2019-01-05 19:44:16

by Arend van Spriel

[permalink] [raw]
Subject: Re: Kernel oops / WiFi connection failure with wpa_supplicant 2.7

On 1/3/2019 4:49 PM, Jouni Malinen wrote:
> On Thu, Jan 03, 2019 at 10:38:32AM -0500, Eric Blau wrote:
>> Since upgrading to wpa_supplicant 2.7, myself and many others have hit
>> issues with wpa_supplicant failing to connect due to invalid arguments
>> being passed to the underlying kernel driver. Reverting to version 2.6
>> makes these issues go away.
>
>> kernel: WARNING: CPU: 0 PID: 16169 at
>> drivers/net/wireless/broadcom/brcm80211/brcmfmac/cfg80211.c:5130
>> brcmf_cfg80211_set_pmk+0x50/0x70 [brcmfmac]
>
> Which is this WARN_ON in the driver:
>
> /* expect using firmware supplicant for 1X */
> ifp = netdev_priv(dev);
> if (WARN_ON(ifp->vif->profile.use_fwsup != BRCMF_PROFILE_FWSUP_1X))
> return -EINVAL;

Yes.
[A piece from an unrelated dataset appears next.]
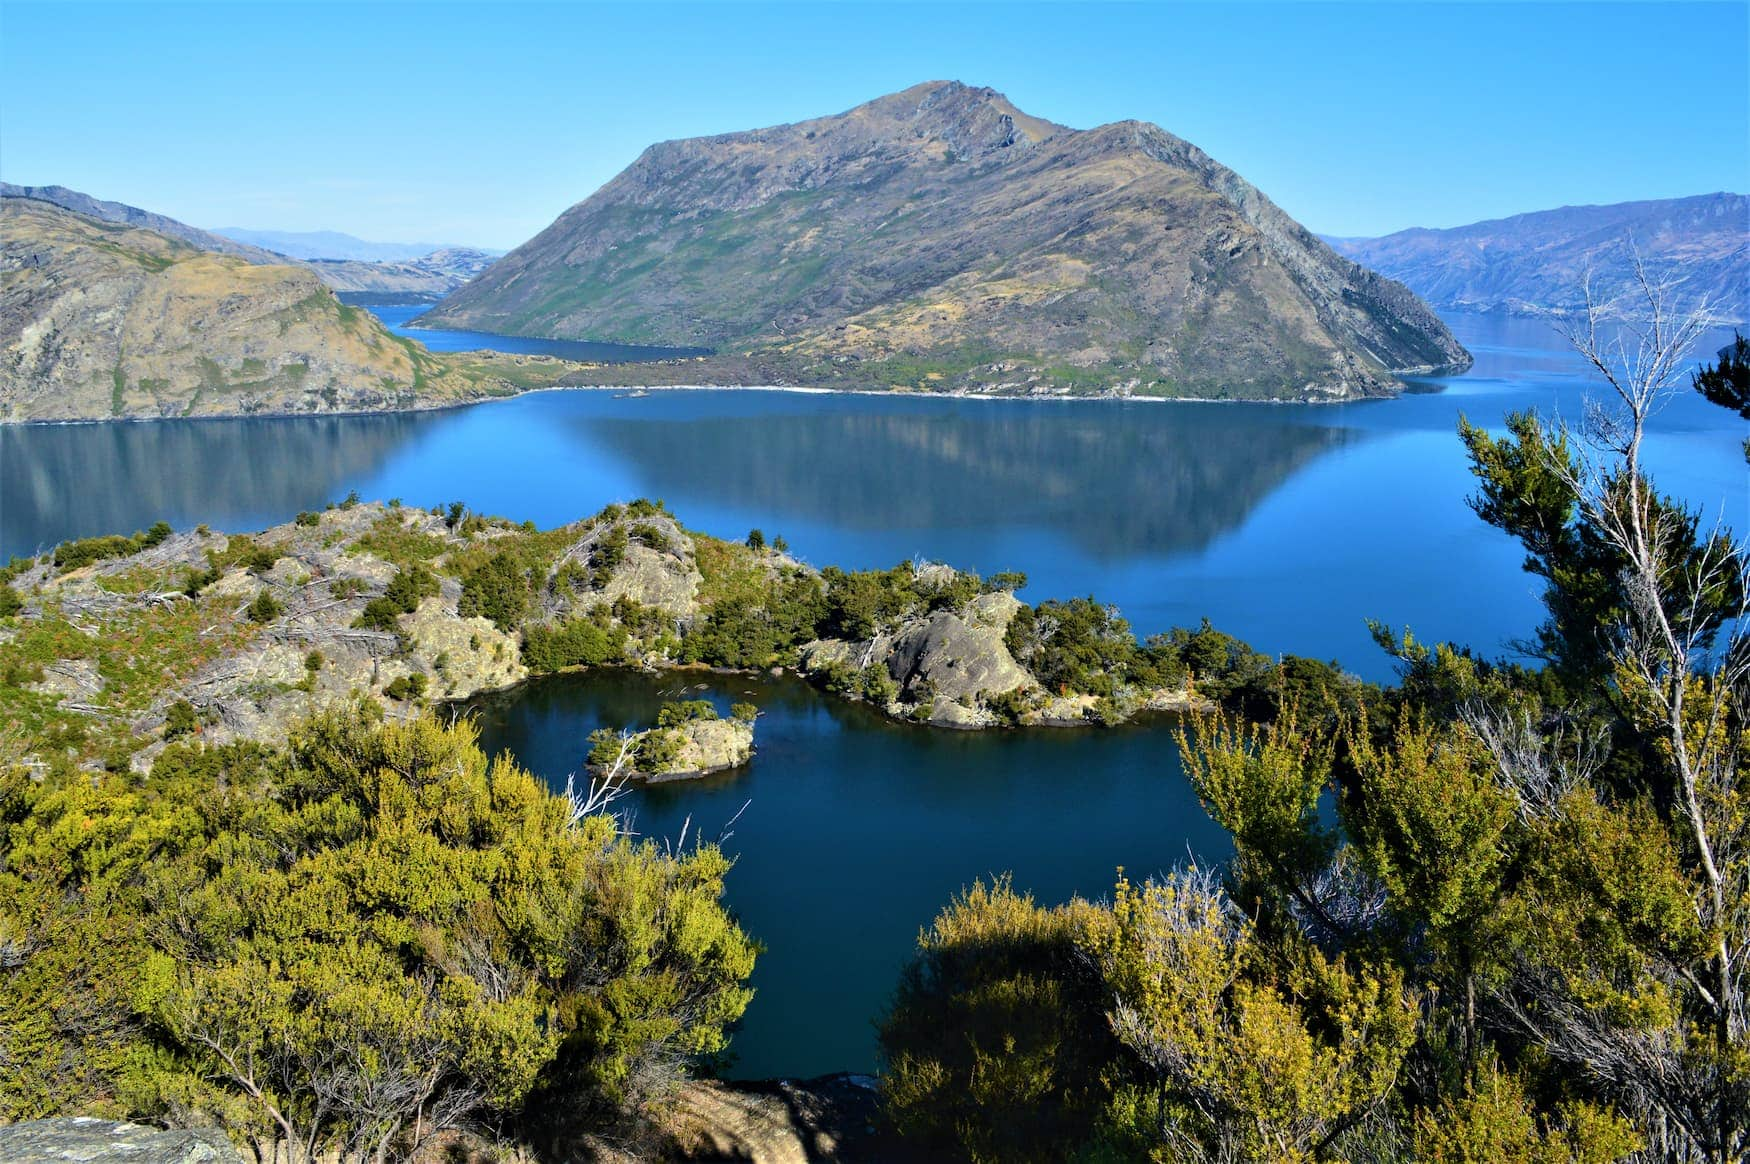 Mou Waho - Die Insel im Lake Wanaka in Neuseeland

It means the firmware is not configured to use the 1x offload so it
rejects the PMK setting here.

>> Notice that the oops references wpa_supplicant as the offending
>> process, although maybe the firmware or driver is at fault for
>> advertising 4-way handshake offload support.
>
> That's not an oops and wpa_supplicant is not the "offending process", it
> is just the user space process in which context the driver hits this
> issue.

Well, I beg to differ but I will get to that.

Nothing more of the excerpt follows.